WHAT YOU SHOULD DO: All lines below between the line with "Ekkor egy külön" and the line with "Grundlage der Studie", including both, must be copied exactly, and the pictures must be omitted.

MATERIAL SHOWN:
---*---

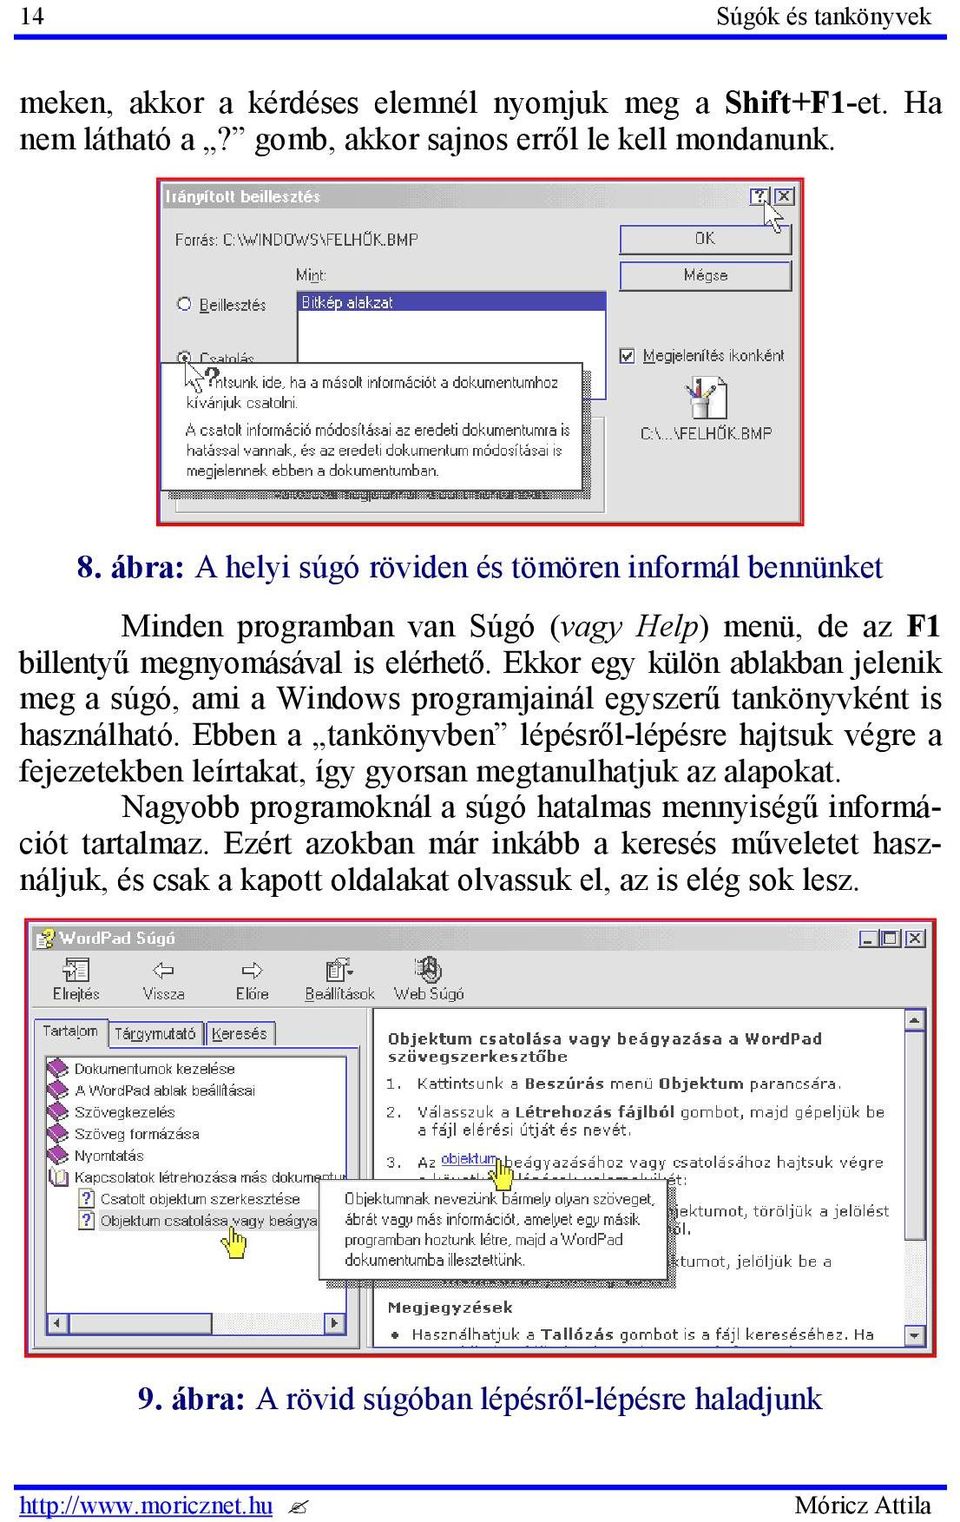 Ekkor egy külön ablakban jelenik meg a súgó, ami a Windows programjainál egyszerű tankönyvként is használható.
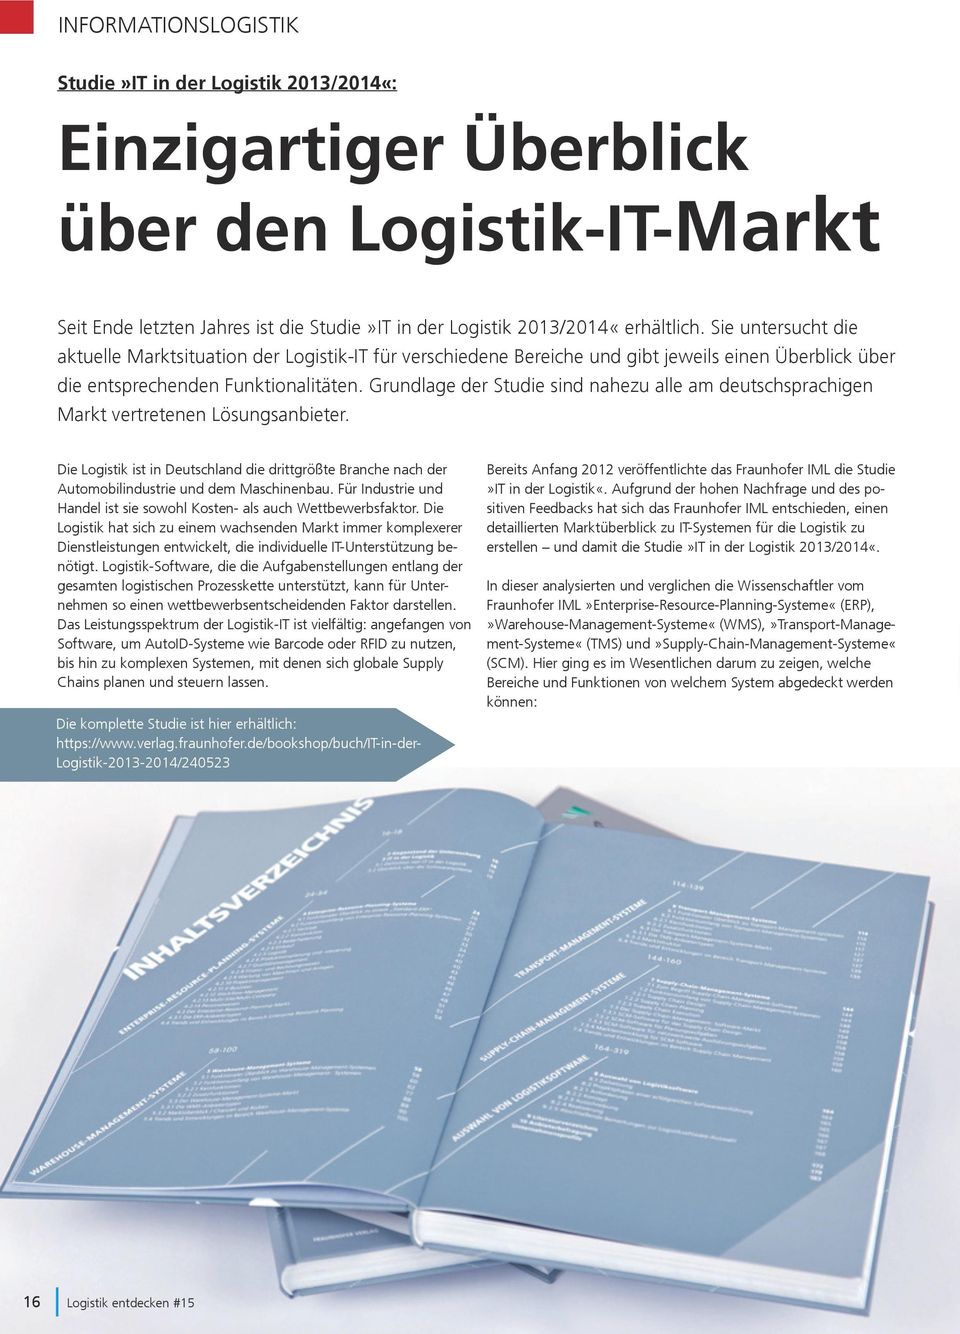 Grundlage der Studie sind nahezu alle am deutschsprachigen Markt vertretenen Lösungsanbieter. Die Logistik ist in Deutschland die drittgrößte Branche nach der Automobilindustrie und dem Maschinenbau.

---*---

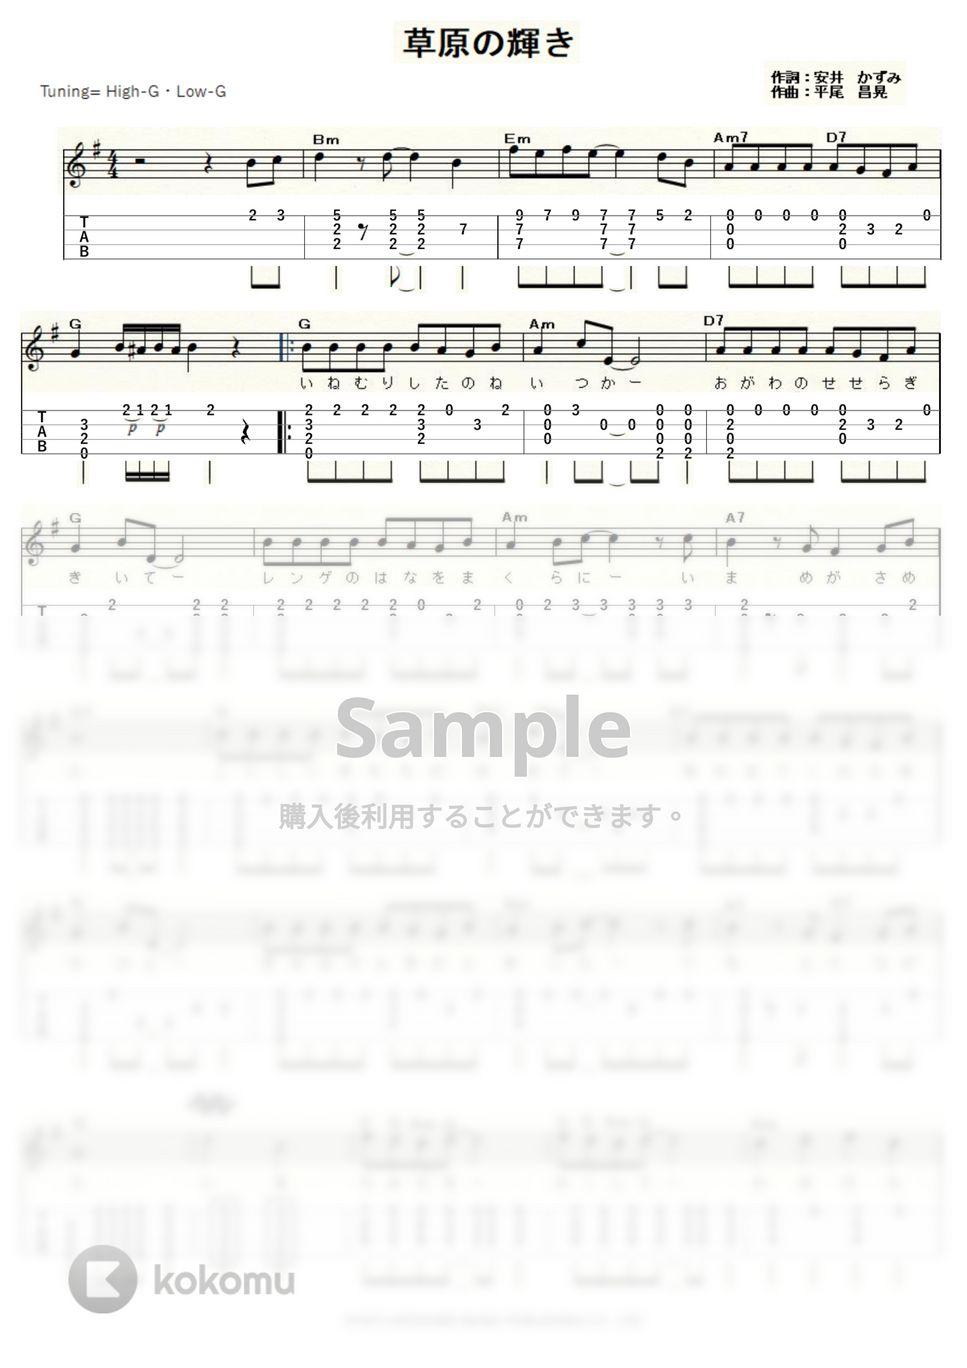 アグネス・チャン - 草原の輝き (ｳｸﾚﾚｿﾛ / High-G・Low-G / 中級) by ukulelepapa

---*---

REPLY:
 Ekkor egy külön ablakban jelenik meg a súgó, ami a Windows programjainál egyszerű tankönyvként is használható.
 Grundlage der Studie sind nahezu alle am deutschsprachigen Markt vertretenen Lösungsanbieter. Die Logistik ist in Deutschland die drittgrößte Branche nach der Automobilindustrie und dem Maschinenbau.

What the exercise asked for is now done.